**Stored data:**

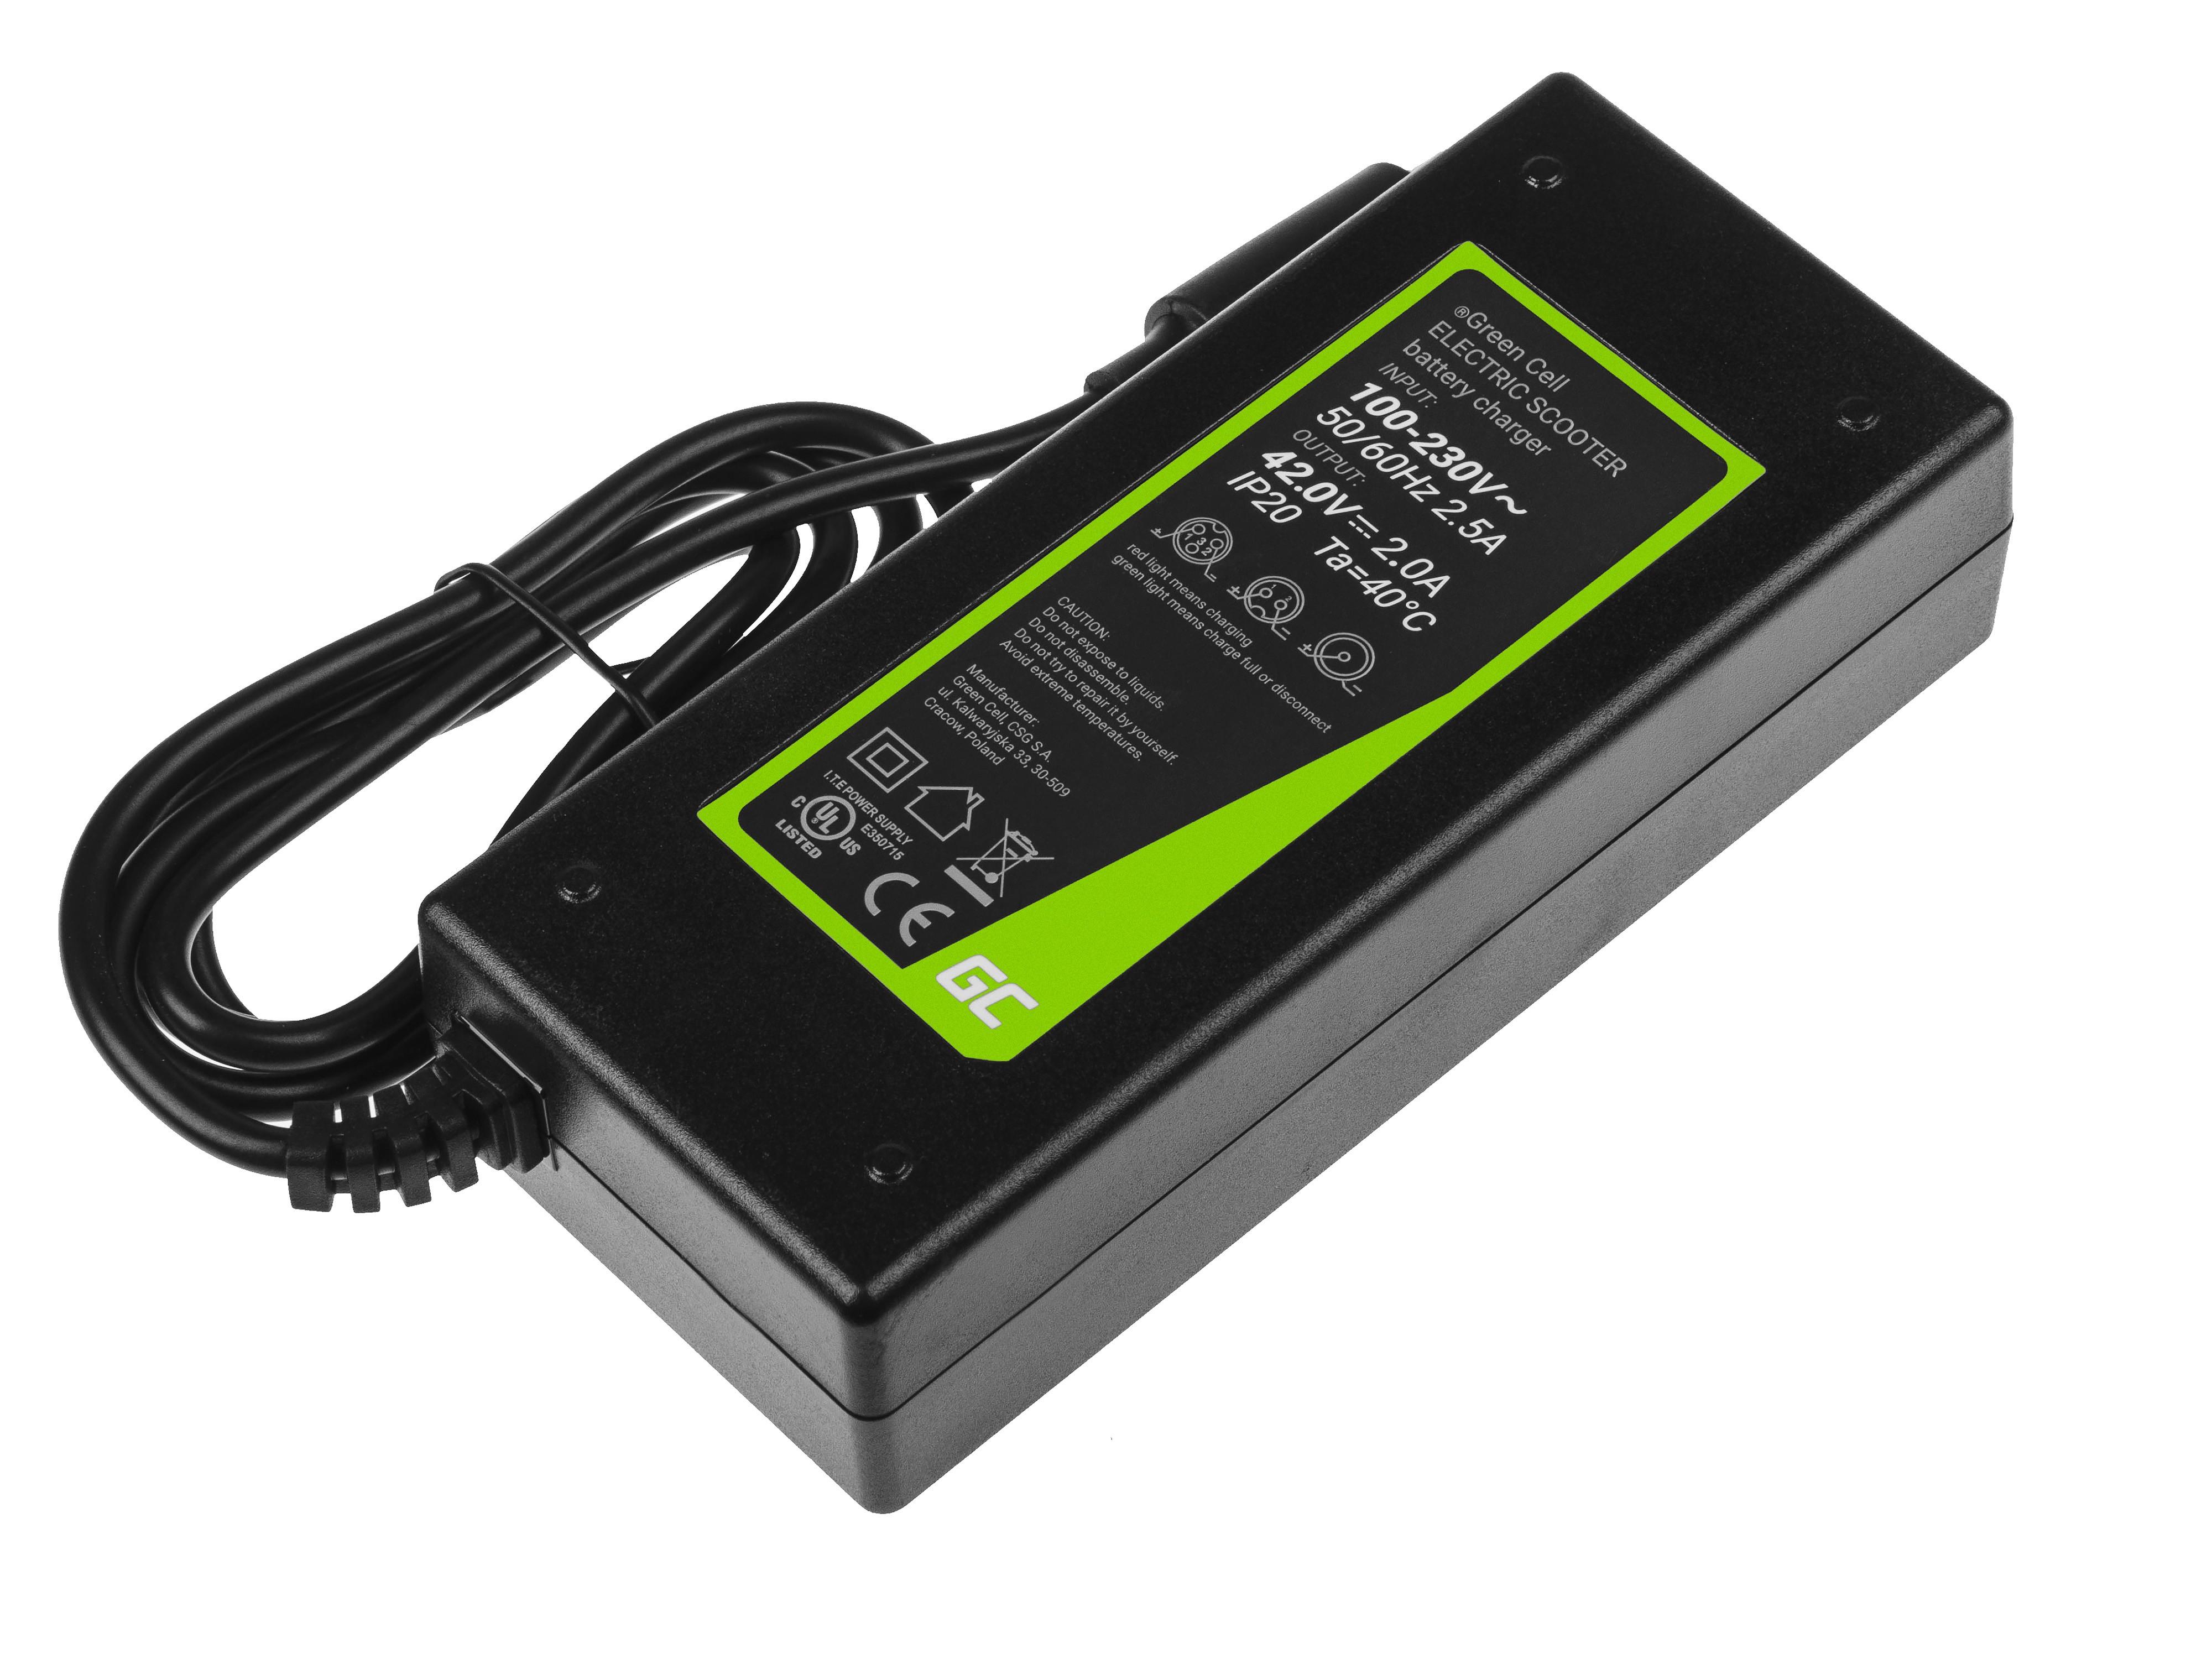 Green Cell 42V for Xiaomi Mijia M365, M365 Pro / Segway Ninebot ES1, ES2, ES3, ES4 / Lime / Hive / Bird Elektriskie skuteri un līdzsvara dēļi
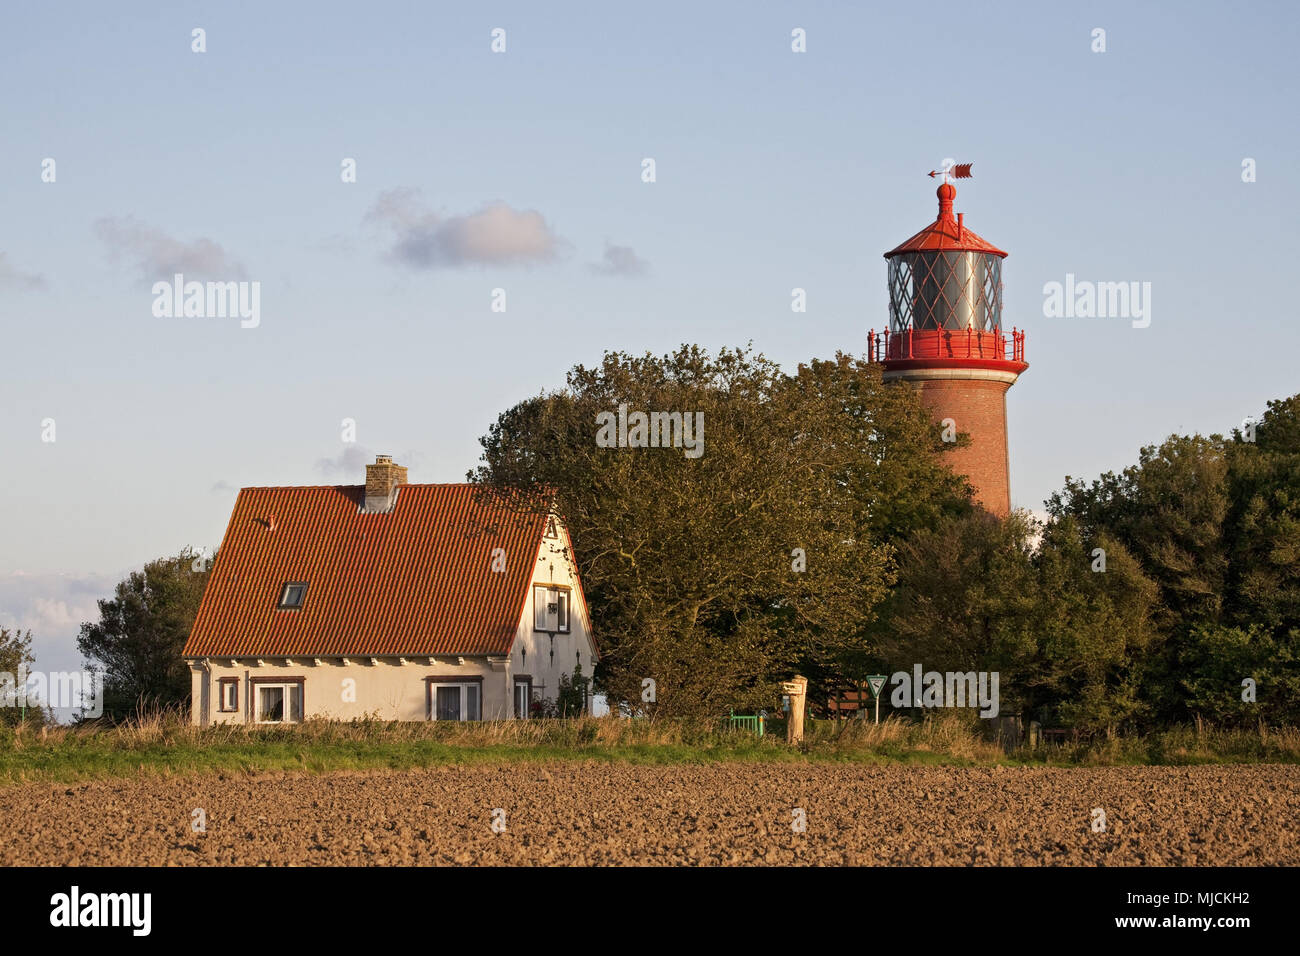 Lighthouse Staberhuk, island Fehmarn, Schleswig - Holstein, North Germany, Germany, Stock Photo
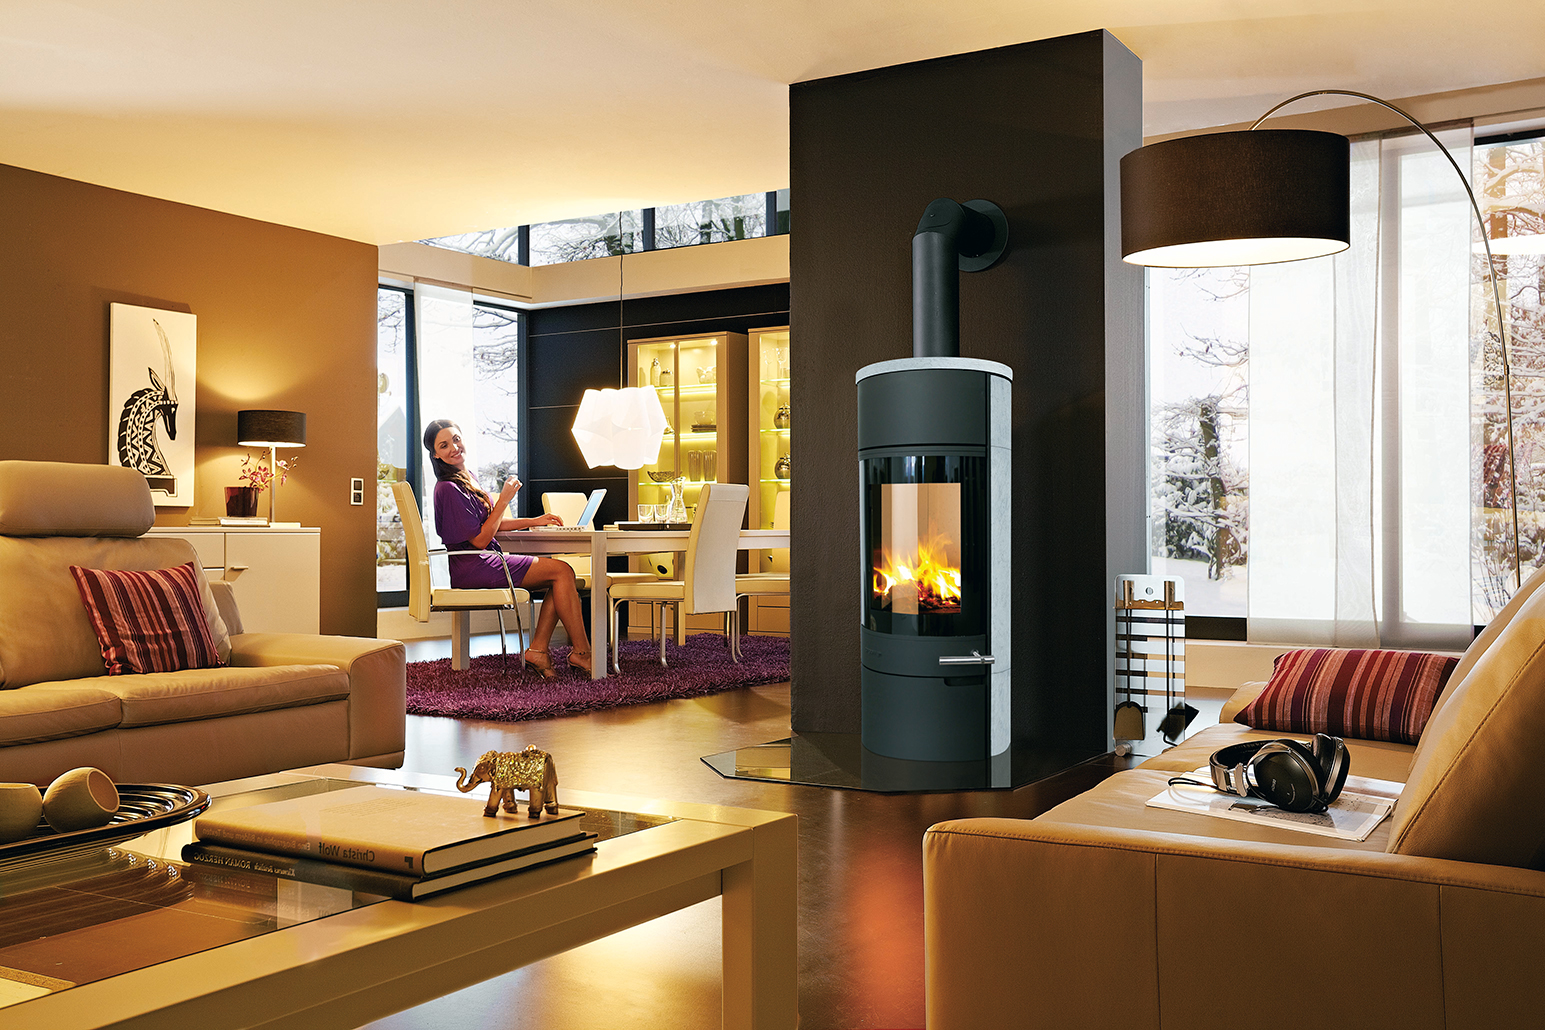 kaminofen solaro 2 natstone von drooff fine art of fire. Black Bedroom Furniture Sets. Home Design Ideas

**Directions:** Please give all of the material again, exactly, without the images.

**Solution to this task:**
 Green Cell 42V for Xiaomi Mijia M365, M365 Pro / Segway Ninebot ES1, ES2, ES3, ES4 / Lime / Hive / Bird Elektriskie skuteri un līdzsvara dēļi
 Lighthouse Staberhuk, island Fehmarn, Schleswig - Holstein, North Germany, Germany, Stock Photo
 kaminofen solaro 2 natstone von drooff fine art of fire. Black Bedroom Furniture Sets. Home Design Ideas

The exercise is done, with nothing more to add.